Exercise aim. Repeat only the lines from the one containing "futama és a" to the final line below, exactly as they read, and leave every picture out.

Data block.
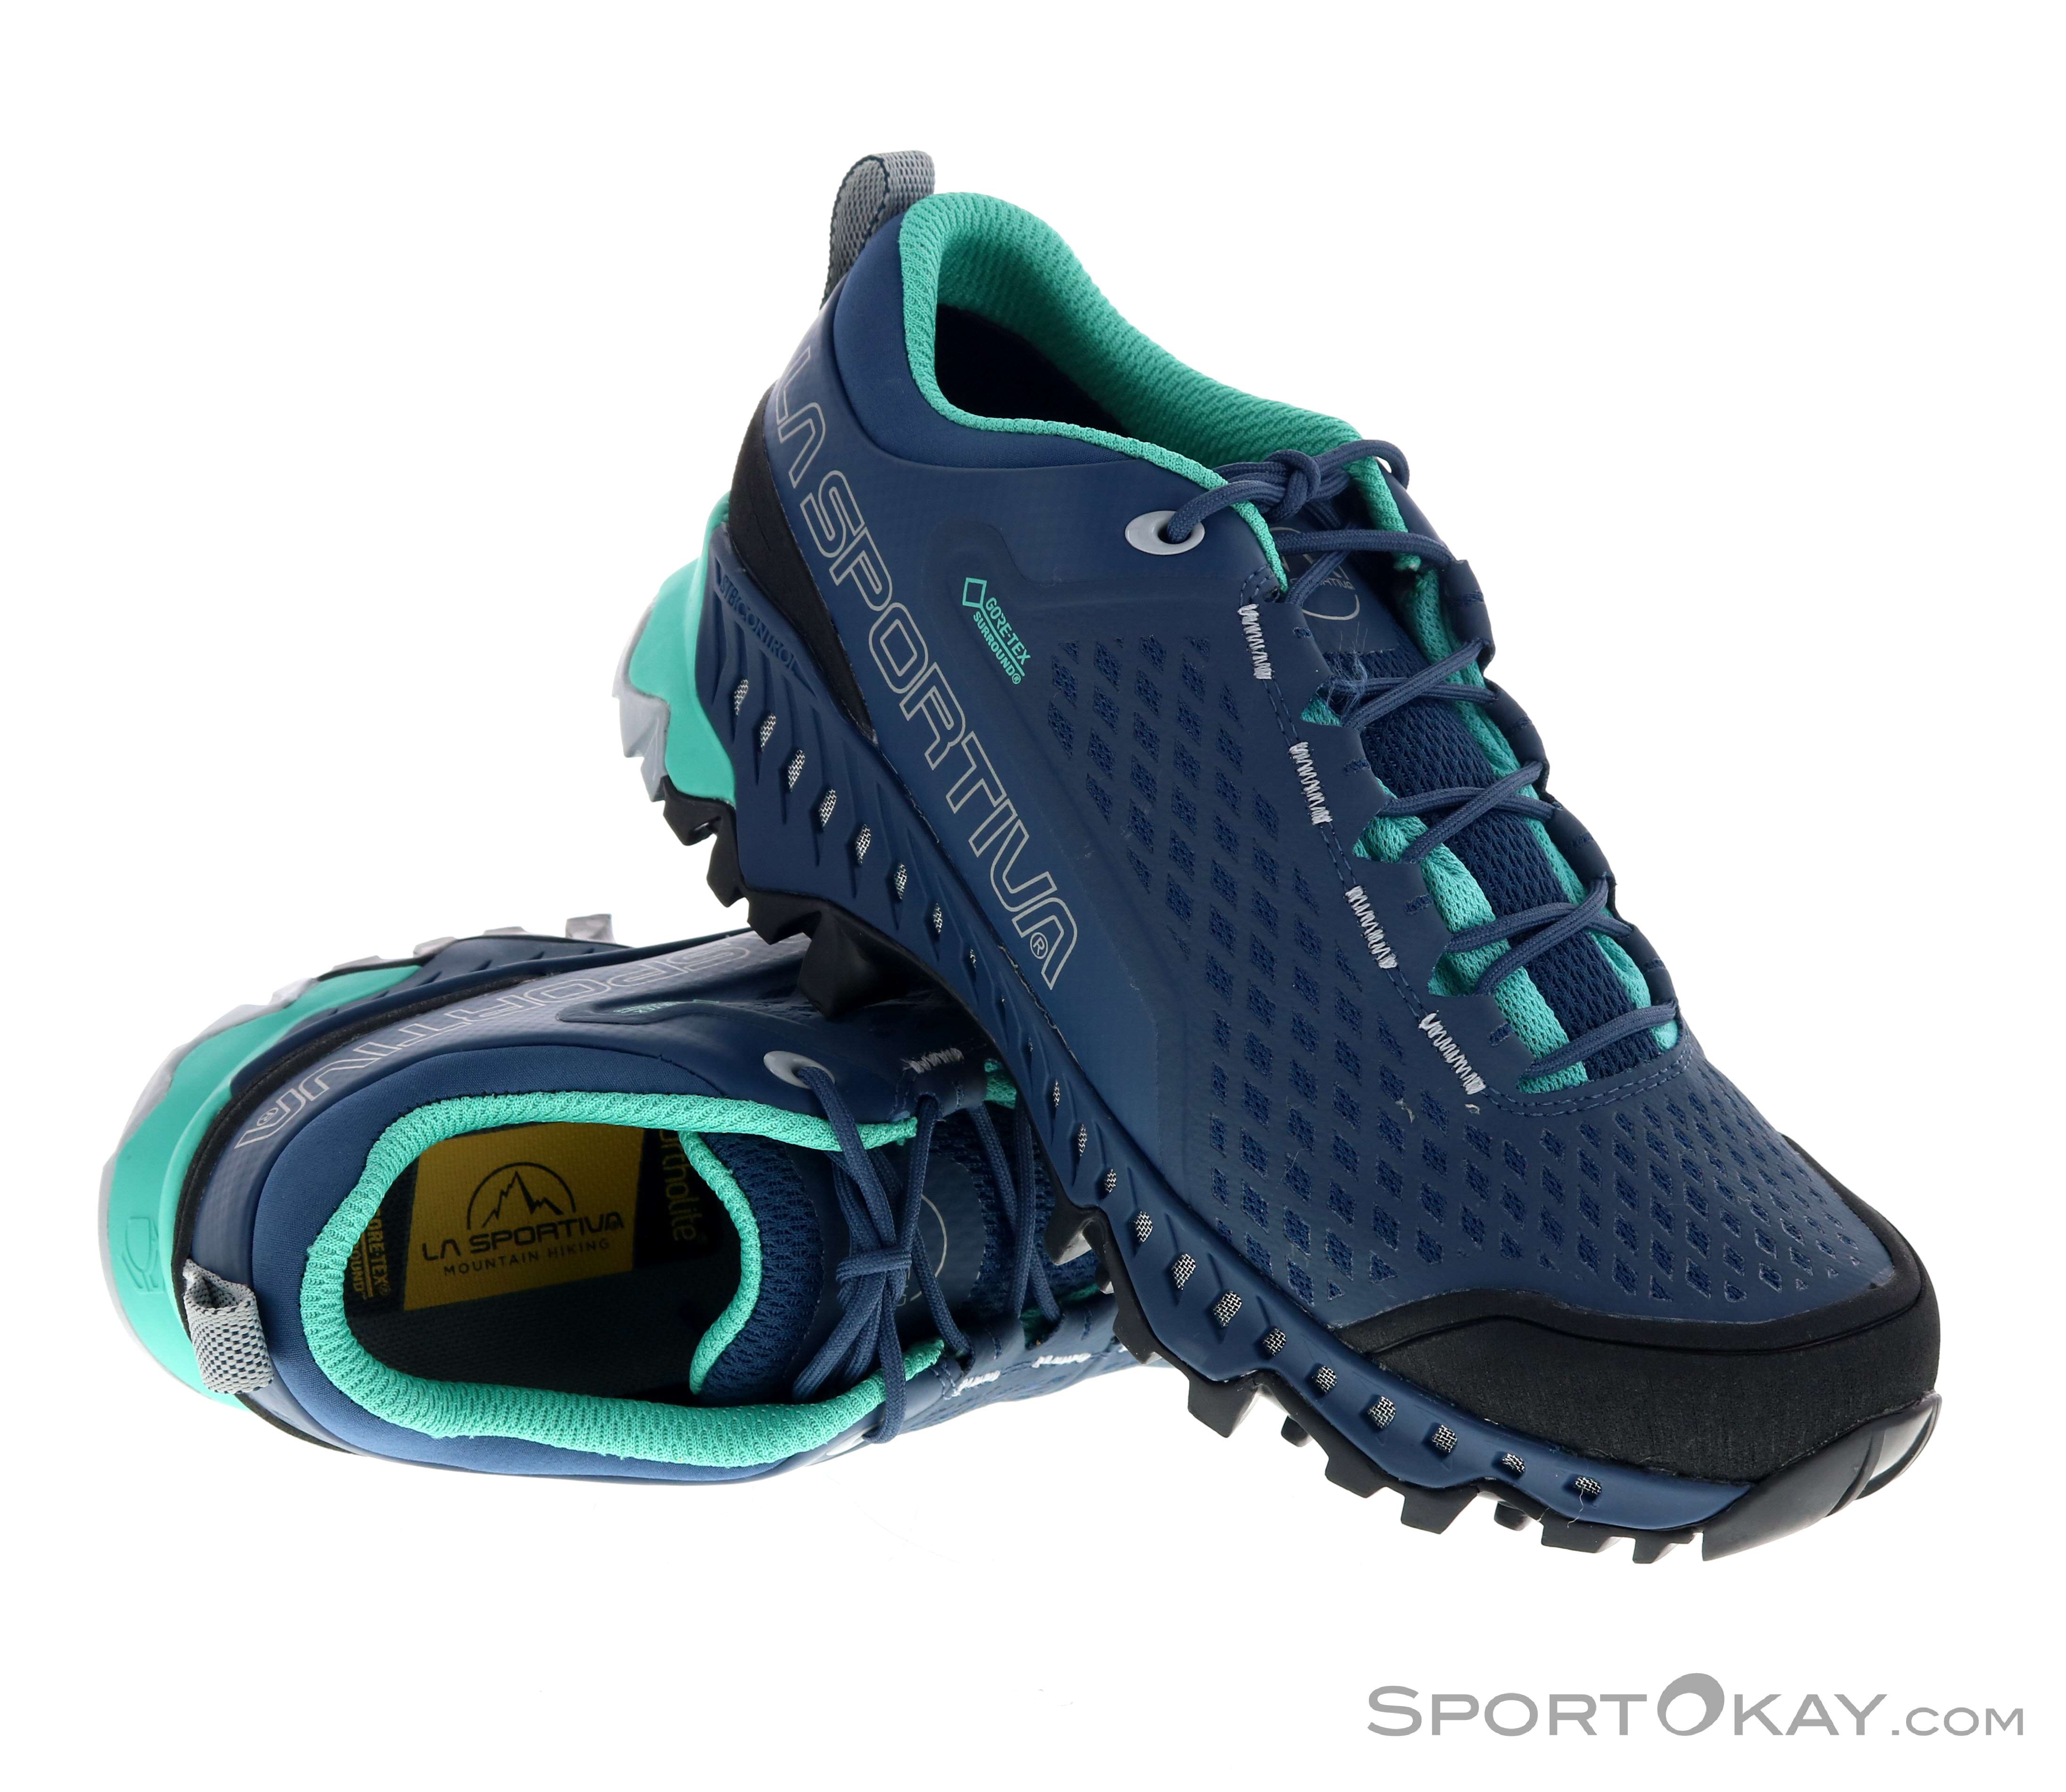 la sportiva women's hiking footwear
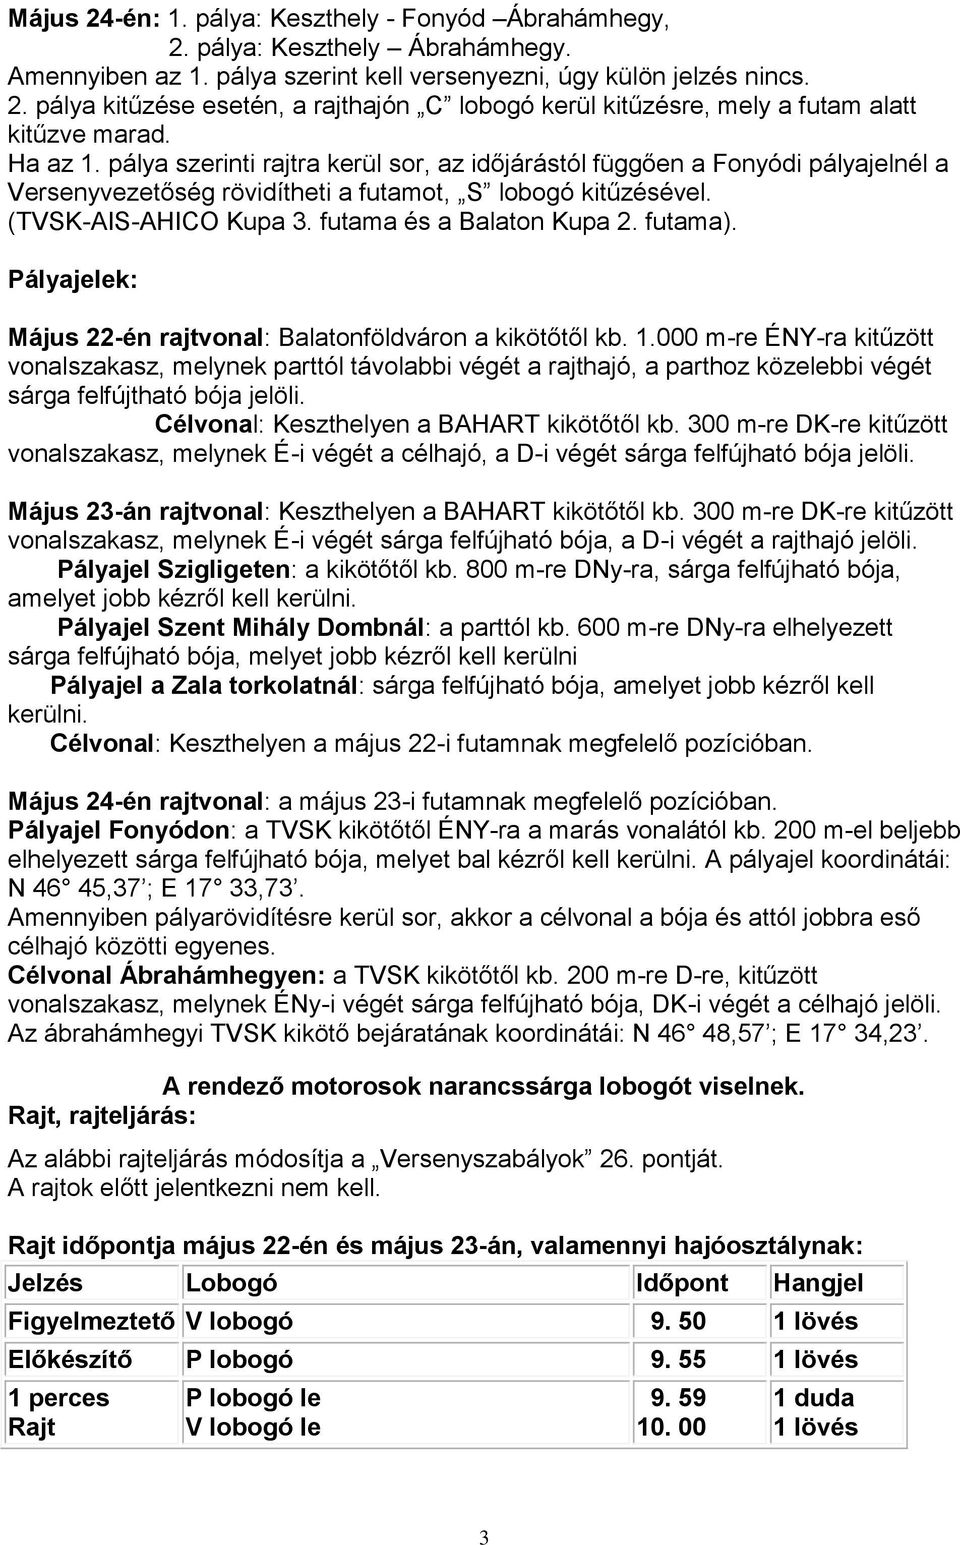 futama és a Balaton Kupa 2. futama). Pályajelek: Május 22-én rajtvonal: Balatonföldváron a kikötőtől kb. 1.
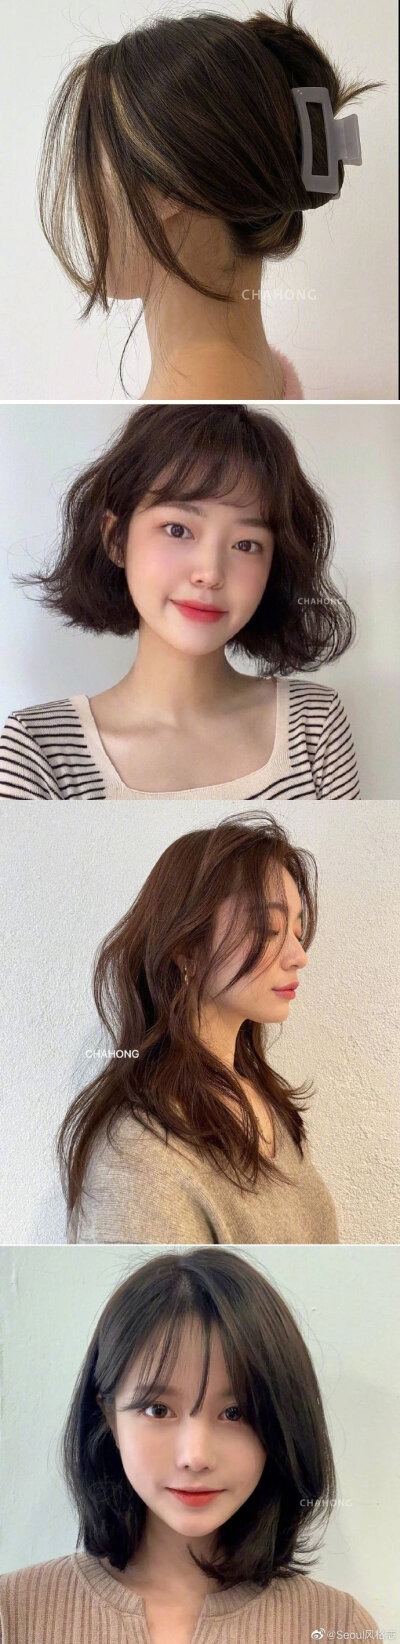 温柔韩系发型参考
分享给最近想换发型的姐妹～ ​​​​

Response to the task.
 futama és a Balaton Kupa 2. futama). Pályajelek: Május 22-én rajtvonal: Balatonföldváron a kikötőtől kb. 1.
 温柔韩系发型参考
分享给最近想换发型的姐妹～ ​​​​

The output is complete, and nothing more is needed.